I fixated on the word longing. I realized that I too had this longing, and that the only way to provide the “improvisational content in as much depth as possible” was indeed to “translate” the archival videos to the page. To me, this meant going past the intriguing or hilarious glimpses that people—both performers and audience—remember, and witnessing the ebb and flow of the collectively created waves of activity.

One could watch Grand Union (either live or on video) through any one of several filters. You could concentrate on the performers’ individual movement explorations, on how their dancing drew them into interactions with each other, or on how those interactions escalated into psychological dramas. You could watch how a recurring motif found its way into a different situation, accumulating new shades of meanings. You could watch them create or lose momentum. You could watch them knit together scattered actions and watch those strands come apart. You could watch them join a collective fantasy as it gathers steam. Or, you could shift between all these modes, because that is what Grand Union did.

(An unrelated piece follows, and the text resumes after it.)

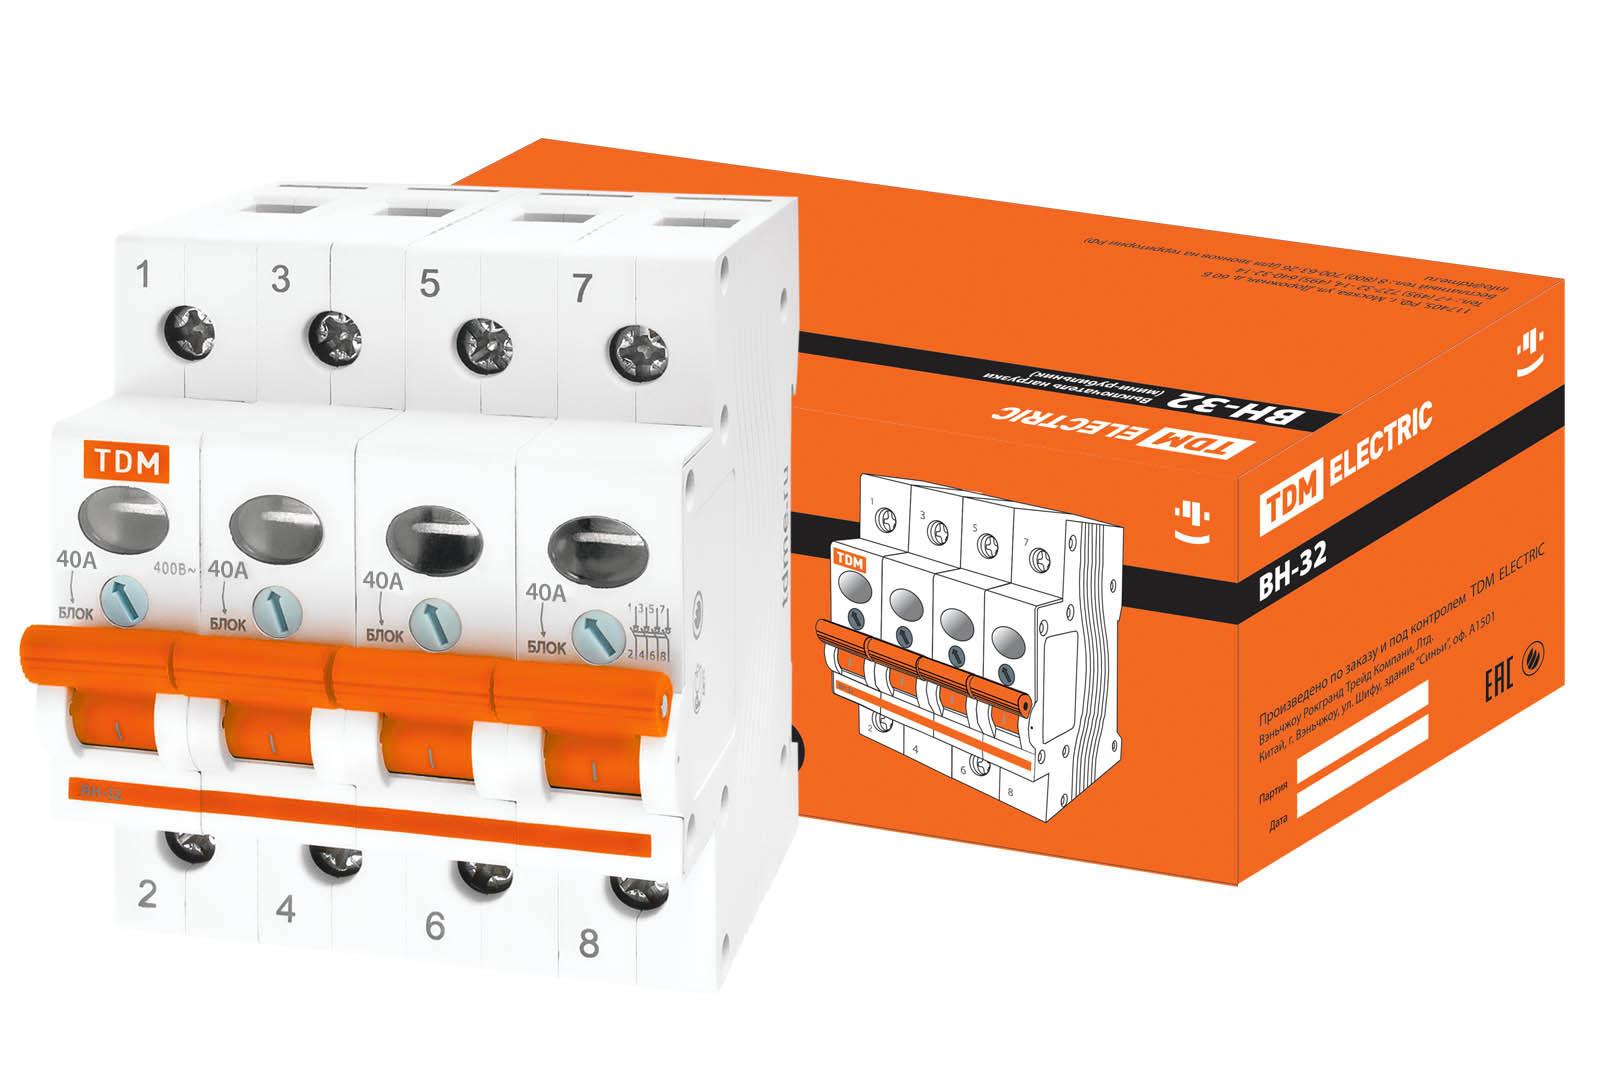 Рубильник Tdm Sq0211-0035 выключатель нагрузки мини рубильник tdm вн 32 4p 40a sq0211 0035
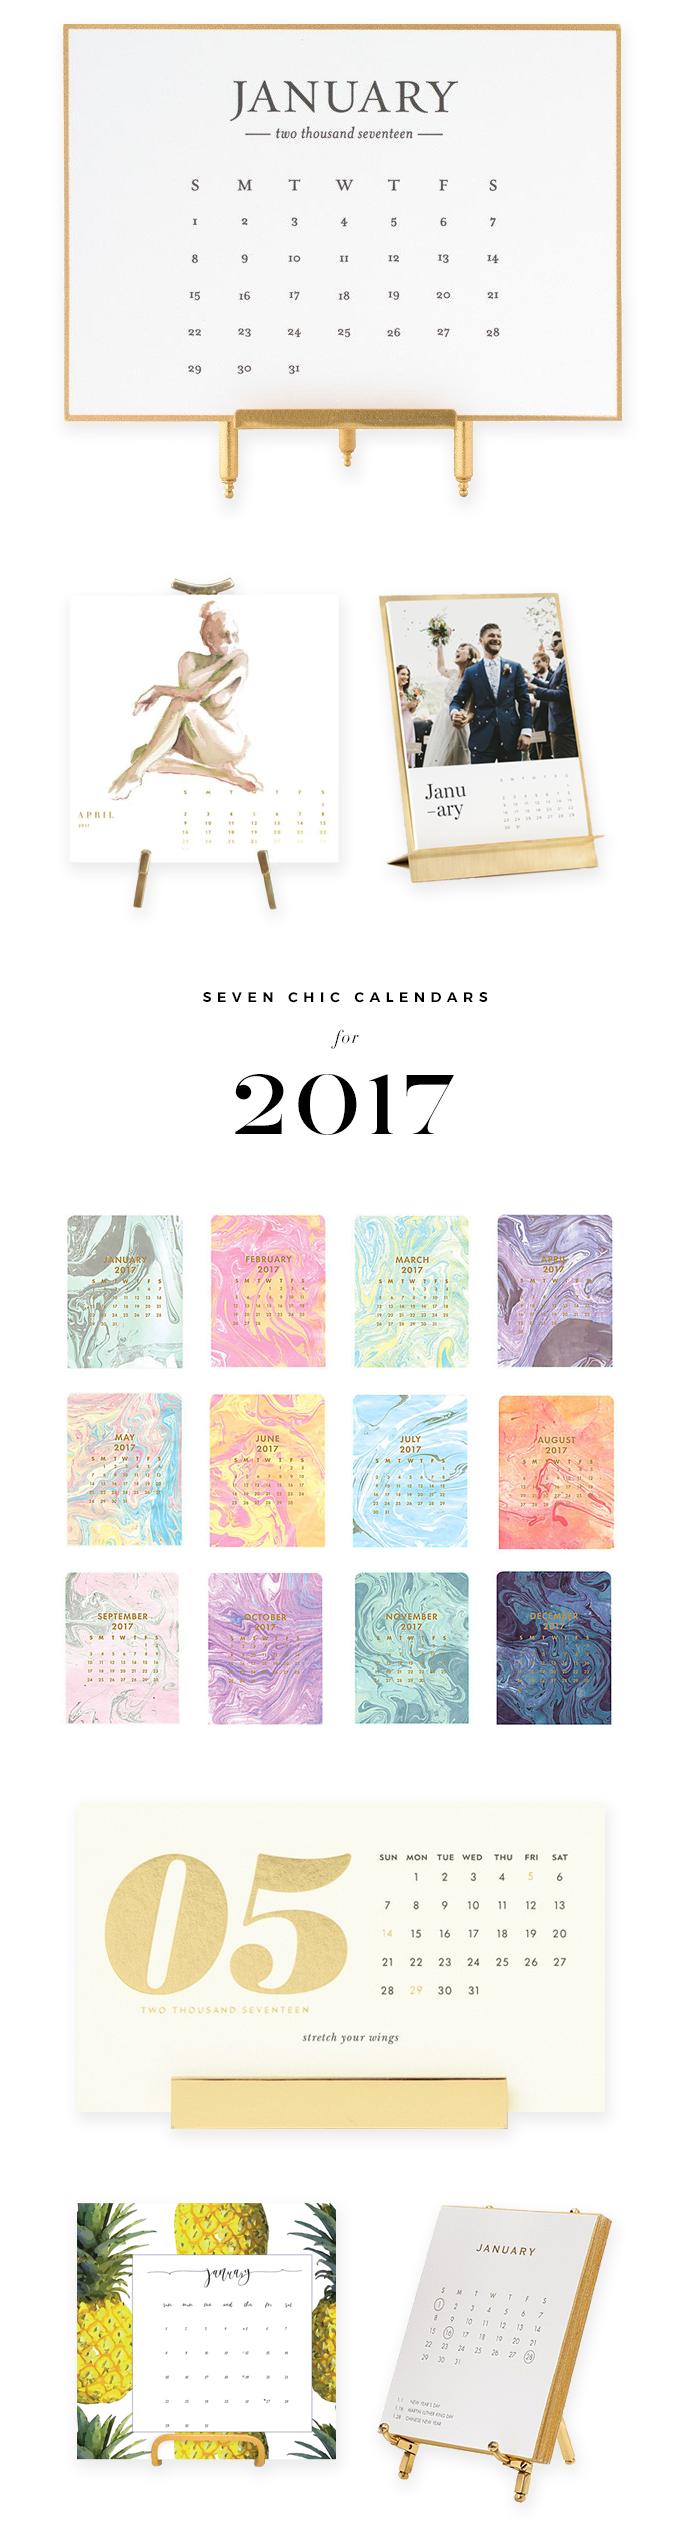 7 Calendars for 2017

Considering that they were improvising every minute, the flashes of cohesiveness were quite astonishing. There was no set choreography or even a bare-bones structure. And yet they planted seeds that sprouted later in the program or gave hints of narrative to chew on—a ladder here, a length of cloth there. They seemed to have a sixth sense, a subliminal ability to use their peripheral vision—or perhaps something like echolocation that only certain species have—to know where the others were in space.

Image

GU performance at NYC Dance Marathon, 14th Street Y, 1971. From left: Gordon, Arnold, Lewis, Scott, Rainer. Photo: James Klosty.

They each had moments of uncertainty, of drifting or spacing out. But it was remarkable how rare those moments were. They were more often in the zone of “I am doing this now. I am not waiting to find out if it’s any good or if I could’ve made a better choice. I am not judging myself. I am just throwing myself into it.”

Grand Union dancers never laughed at each other’s jokes or showed surprise in any way. They were inside the world they created together, ready for anything. There seemed to be no limit to their trust in each other. Their weaving together of intention and happenstance, as inextricable as warp and woof, often yielded moments that were offhandedly, startlingly beautiful.

What I’ve tried to do in these descriptions that I am calling “narrative unfoldings” is to give a sense of the flow—of how one thing led to, coexisted with, or interrupted another. Physical and psychological interactions unfolded with the illusion of inevitability. Whether subliminally engaged in narrative or not, the Grand Union dancers allowed each other to complete the story or the picture. One could say they each had an animal’s instinct for knowing they were part of a larger ecosystem.

I’ve chosen five of the videos to “translate,” to give some sense of the ebb and flow: the first, third, and fourth performances from LoGiudice Gallery in 1972, the one at the University of Iowa in 1974, and the lobby event from Walker Art Center in 1975. Most of the performances were about two hours long, shot by a single camera. Some of the action took place outside the camera’s frame, and I’ve edited out some of the detail that was visible (or else this book would be thousands of pages long). This means that I have shaped the unfoldings according to my own sense of cause and effect—or sometimes the logic of non sequiturs. Another person would notice different things and break the sessions up in a different ways. However, I’ve immersed myself in these videos and have strong memories of each dancer in the group. So, consider these “narrative unfoldings” one person’s annotated version.

I have used the present tense in order to bring some immediacy to these renderings. In a way, these actions do exist in the present—digitally.